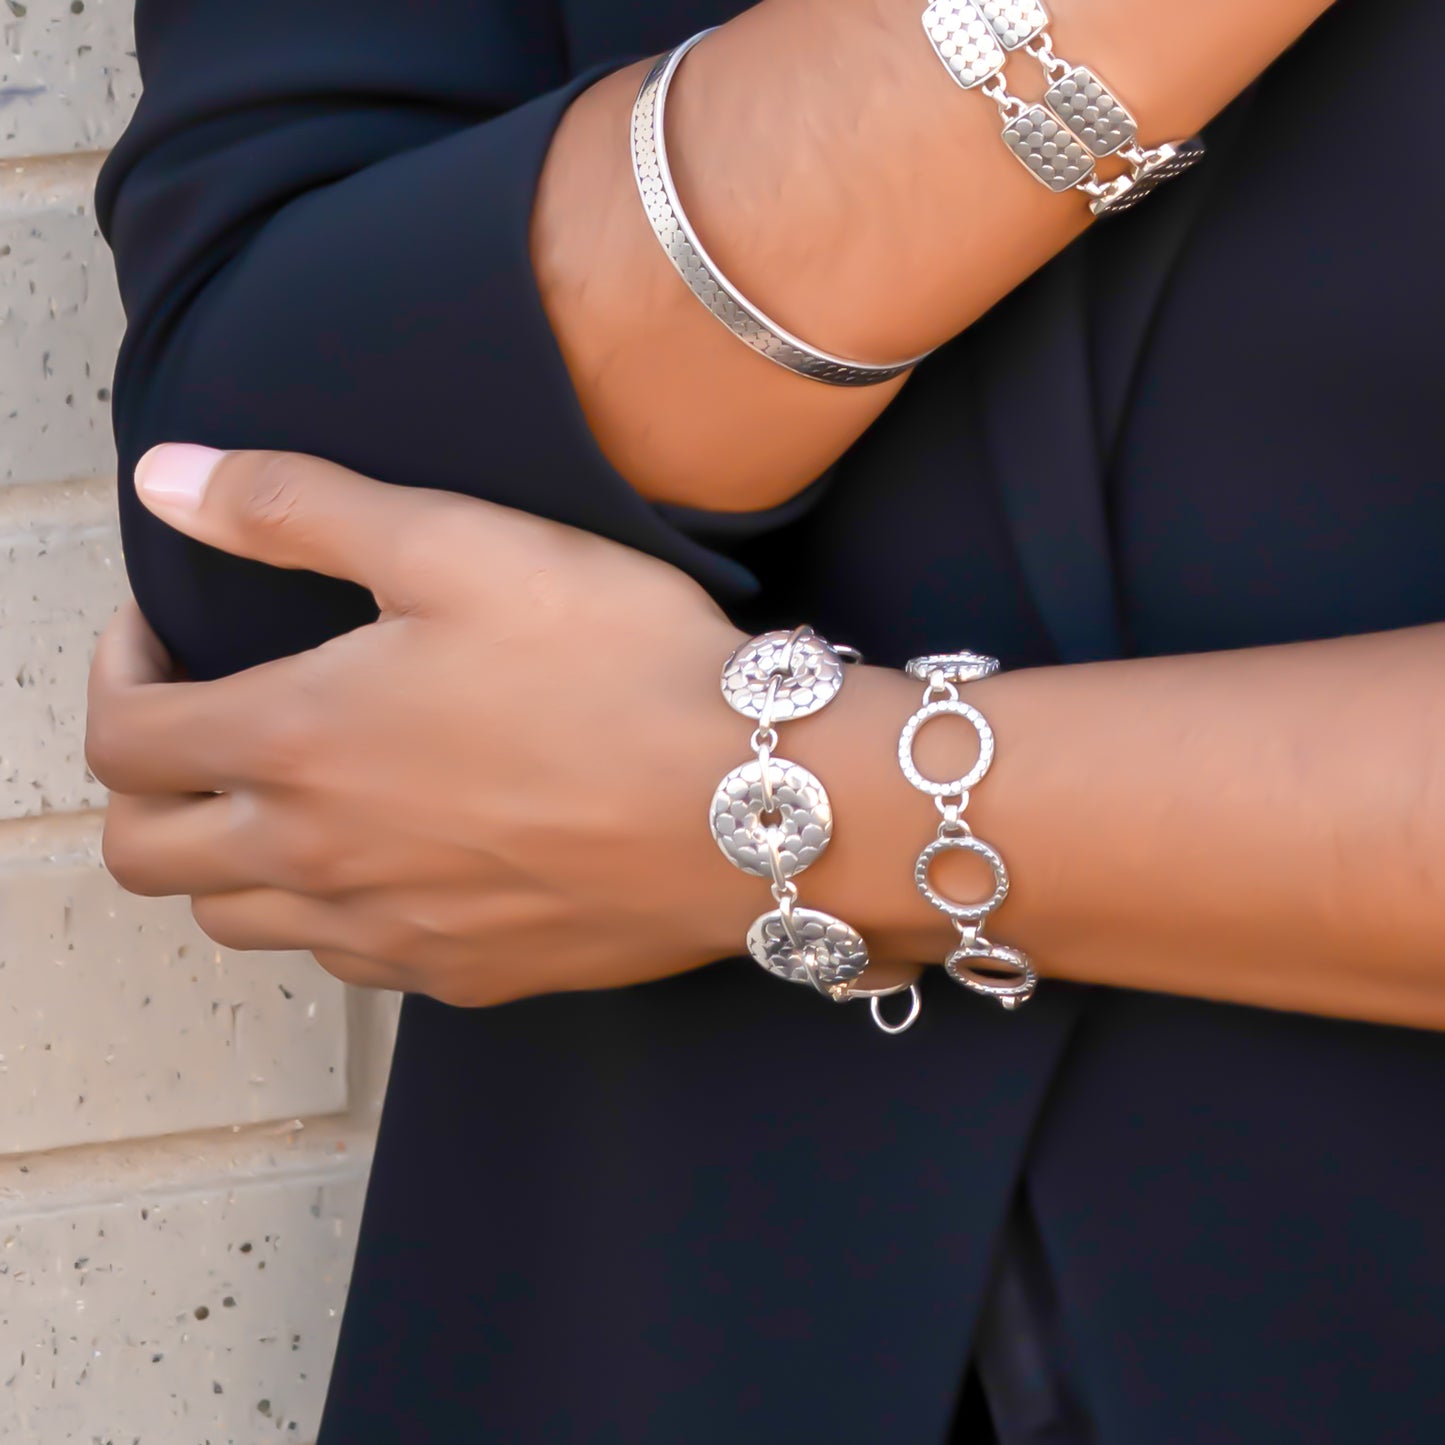 Woman wearing different silver bracelets with polished round dot shapes.
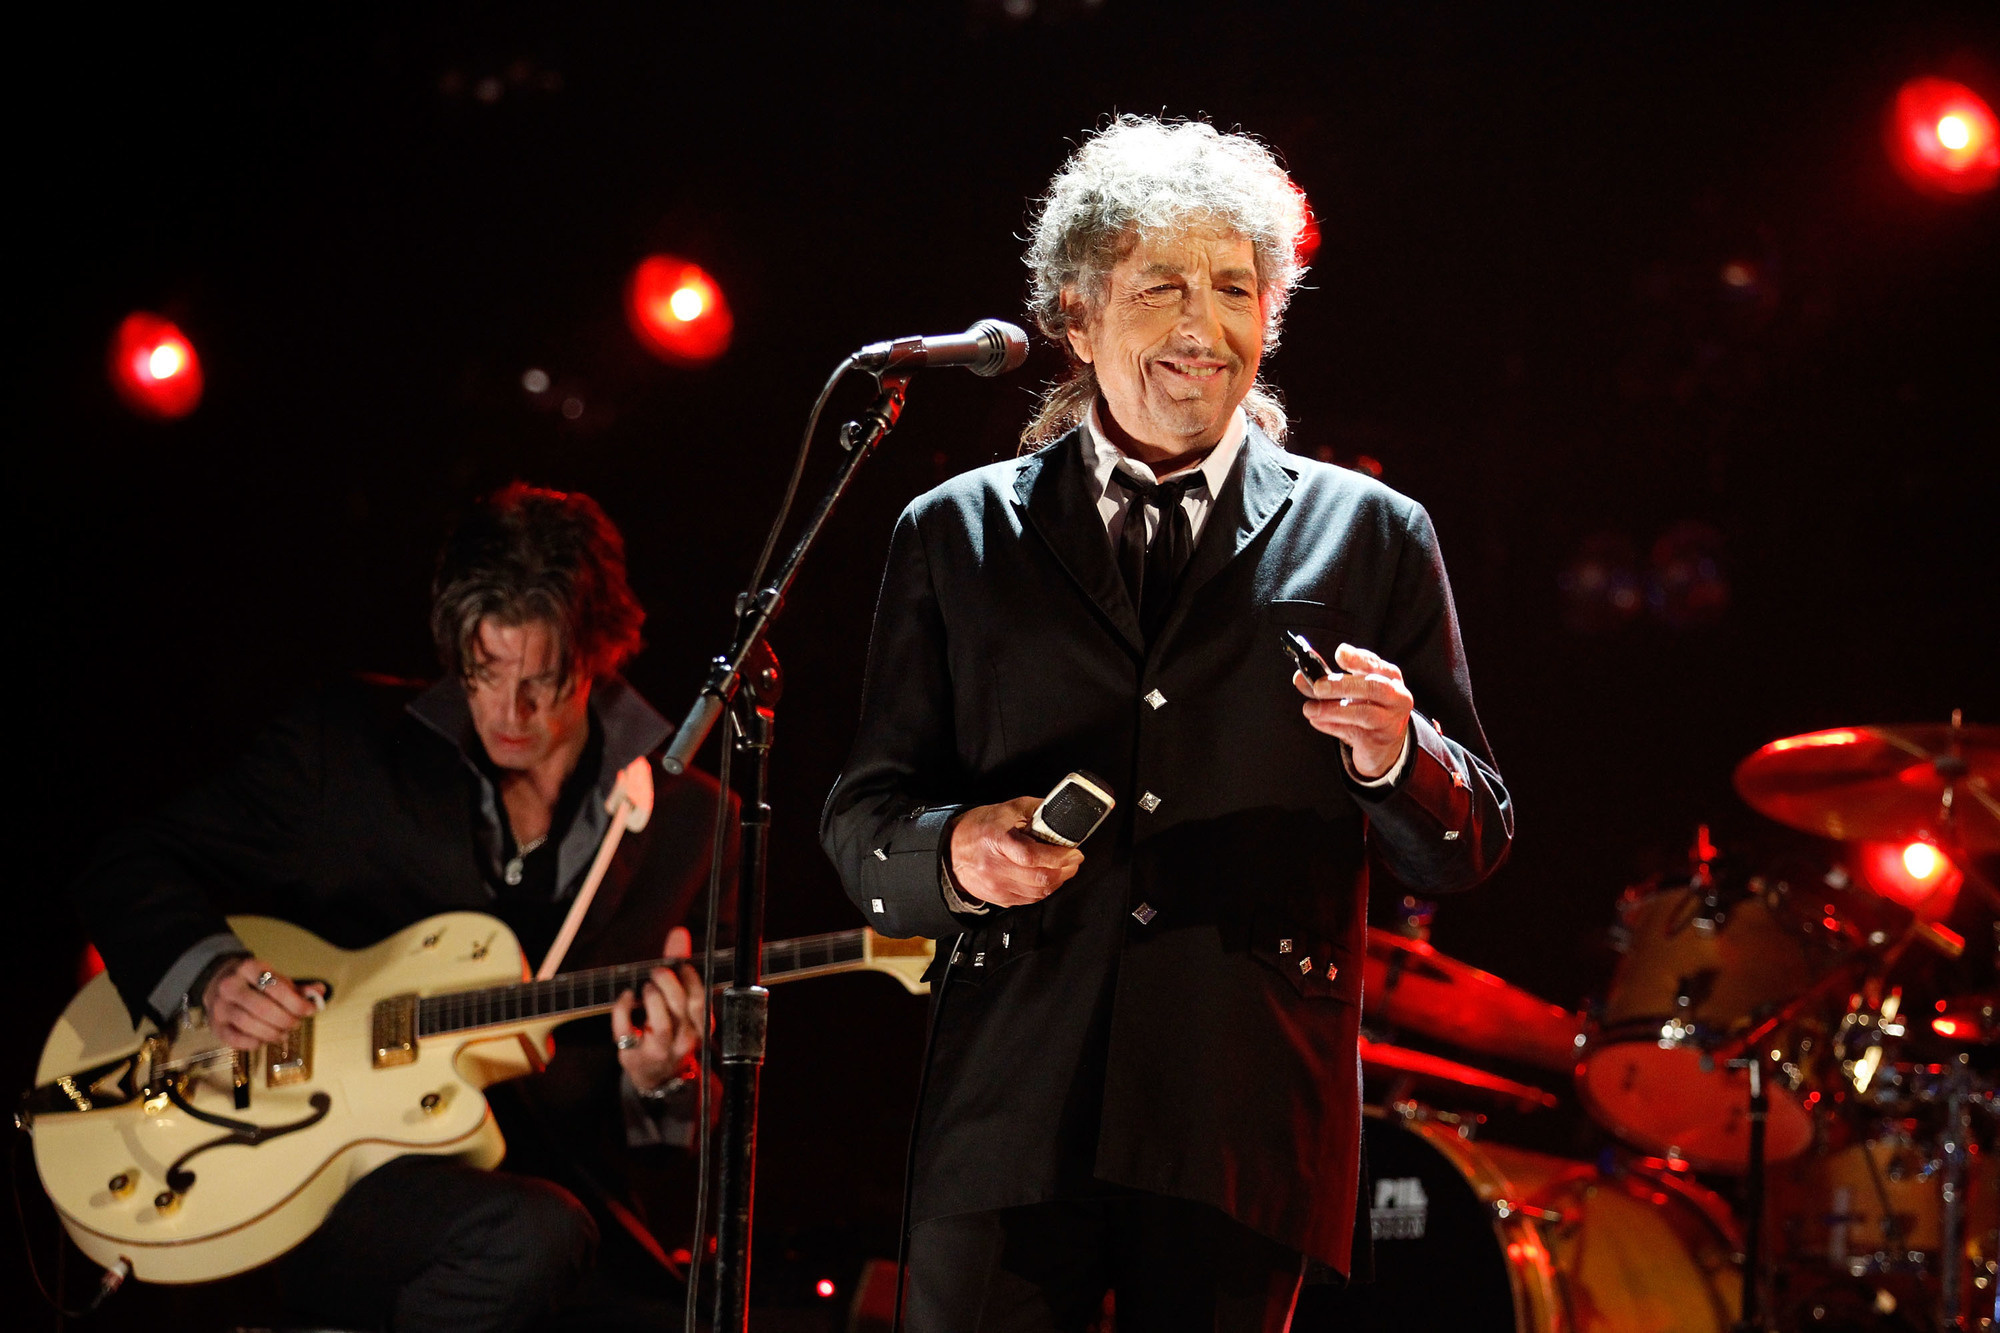 Bob Dylan's tour may not have been never ending but it sure felt that way.
The musician began touring in 1988, and continued to do nearly 100 shows per year over a period of 28 years. It's believed that his "Never Ending Tour" had over 2,700 shows worldwide.

○ ○ ○ ○ ○

Leave out the pictures, and retype exactly the lines from the one containing "Bob Dylan's tour" through the final line of the data.

 Bob Dylan's tour may not have been never ending but it sure felt that way.
The musician began touring in 1988, and continued to do nearly 100 shows per year over a period of 28 years. It's believed that his "Never Ending Tour" had over 2,700 shows worldwide.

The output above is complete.